Brian Radovich, lead product manager at Tek-Tools, estimated that 70% to 80% of his company's customers have deployed at least some virtual servers. By the time Tek-Tools released its VMware module a year ago, it had witnessed an explosion in production usage of virtual servers, he said.
"What's different between three years ago and now is that the roles in managing the application, the server and the storage are merging because you have this concept of virtualization and these shared resources," Radovich said. "You can look at the array and identify the standard problems, but does that translate into better performance for the end-user experience?"
Virtual server performance management best practices
RiskMetrics follows some general principles to achieve better storage performance with its virtual server environment. The storage team, for instance, assigns no SATA disks to the ESX cluster, instead devoting 15K rpm Fibre Channel (FC) disks to its VMware environment.
"VMware has definitely added some complexity to our storage environment," wrote Delgado, "but we are dealing with it by using the best quality disk we have and by segregating it from other applications that we run. All our clusters have their own dedicated RAID groups and LUNs [logical unit numbers], and so far, we have been able to stay ahead of troubled waters."

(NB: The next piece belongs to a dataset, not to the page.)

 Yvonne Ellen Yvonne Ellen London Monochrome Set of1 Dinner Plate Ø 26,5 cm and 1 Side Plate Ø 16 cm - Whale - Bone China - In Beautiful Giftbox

With its email archiving system, RiskMetrics decided to bypass VMware's internal disk management system and present a 1 TB LUN directly to the VM that runs its busy Symantec Corp. Enterprise Vault.
"We did it for performance reasons," said Delgado. "We did it because nobody can now touch that LUN. They can't put virtual machines on it because it's not part of the VMware environment."

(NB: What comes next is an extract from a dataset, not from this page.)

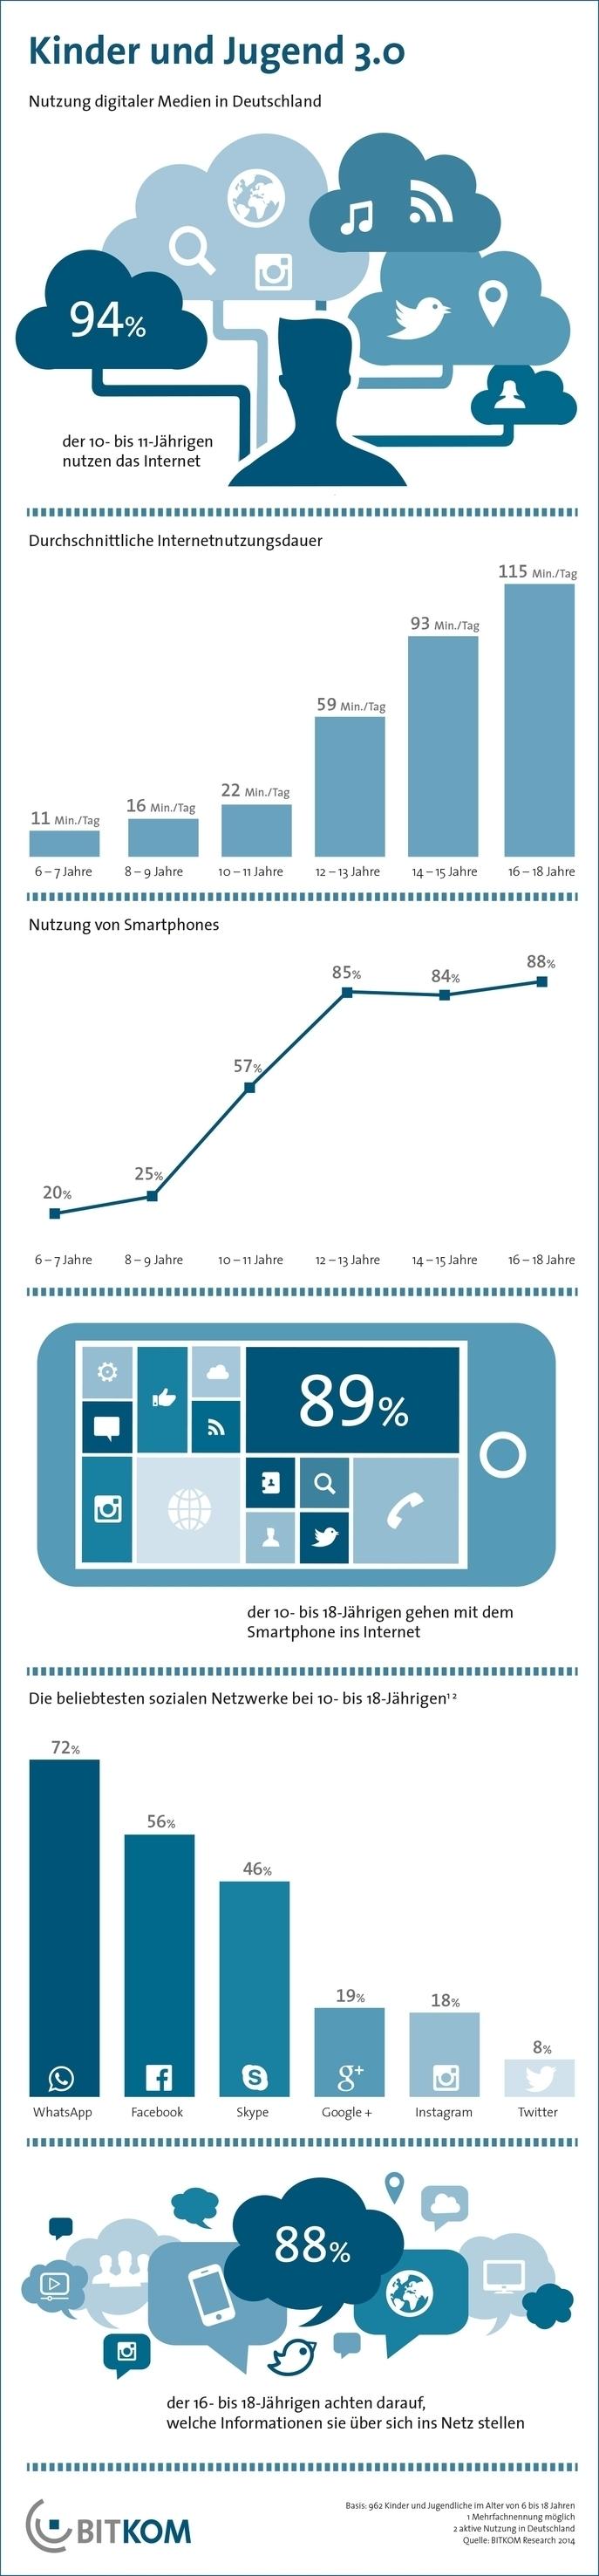 Post und Telekommunikation, Telekommunikation April bis Juni 2014

VMware advises customers of the need to reserve space for swapping memory allocation. So RiskMetrics allocated 20%, or 200 GB, of the 1TB LUN for that purpose. Its Profiler tool sends out an email alert to the VMware team if the data store exceeds the 80% threshold.
When RiskMetrics first launched Enterprise Vault, they expected the application would exhaust their 1TB LUN in eight months. Instead, it used up the LUN in about six months. The storage team put in a second 1 TB LUN in the hope that it might last another six months.
RiskMetrics plans to switch Enterprise Vault from a virtual machine to a high-availability cluster in the next couple of months. When they complete the move, the primary instance of Enterprise Vault will run on a physical server, although the failover will continue to be a VM. Enterprise Vault currently fails over to a VM on a different ESX Server.
"It's a very busy system, doing similar work to what Exchange does, and it's constantly growing because it's an archive," Delgado said.
Delgado offered advice to any of his storage architect peers who need to measure or fine-tune storage performance in a virtual server environment. Because most of the virtual machines that are created won't be deleted every month, administrators will find themselves with more and more VMs running on the cluster, he warned.
"Make the time to check on the performance at least once a week," he advised, suggesting that administrators take snapshots of the key disk performance attributes (read/write MBps, read/write access count) at the same day and time to provide data points that can indicate the crossing of a performance threshold. "You may be able to map that back to the introduction of a VM that has been hogging resources," he said.
"Honestly," Delgado concluded, "my best advice is to make sure you have a close work relationship with the virtual machine admins. They are the ones creating VMs and [they] can keep the admin in the loop as to what may be coming down the line that could have a tremendous impact in your VMware environment," such as a virtual machine for a Microsoft Corp. SQL Server or Oracle Corp. database.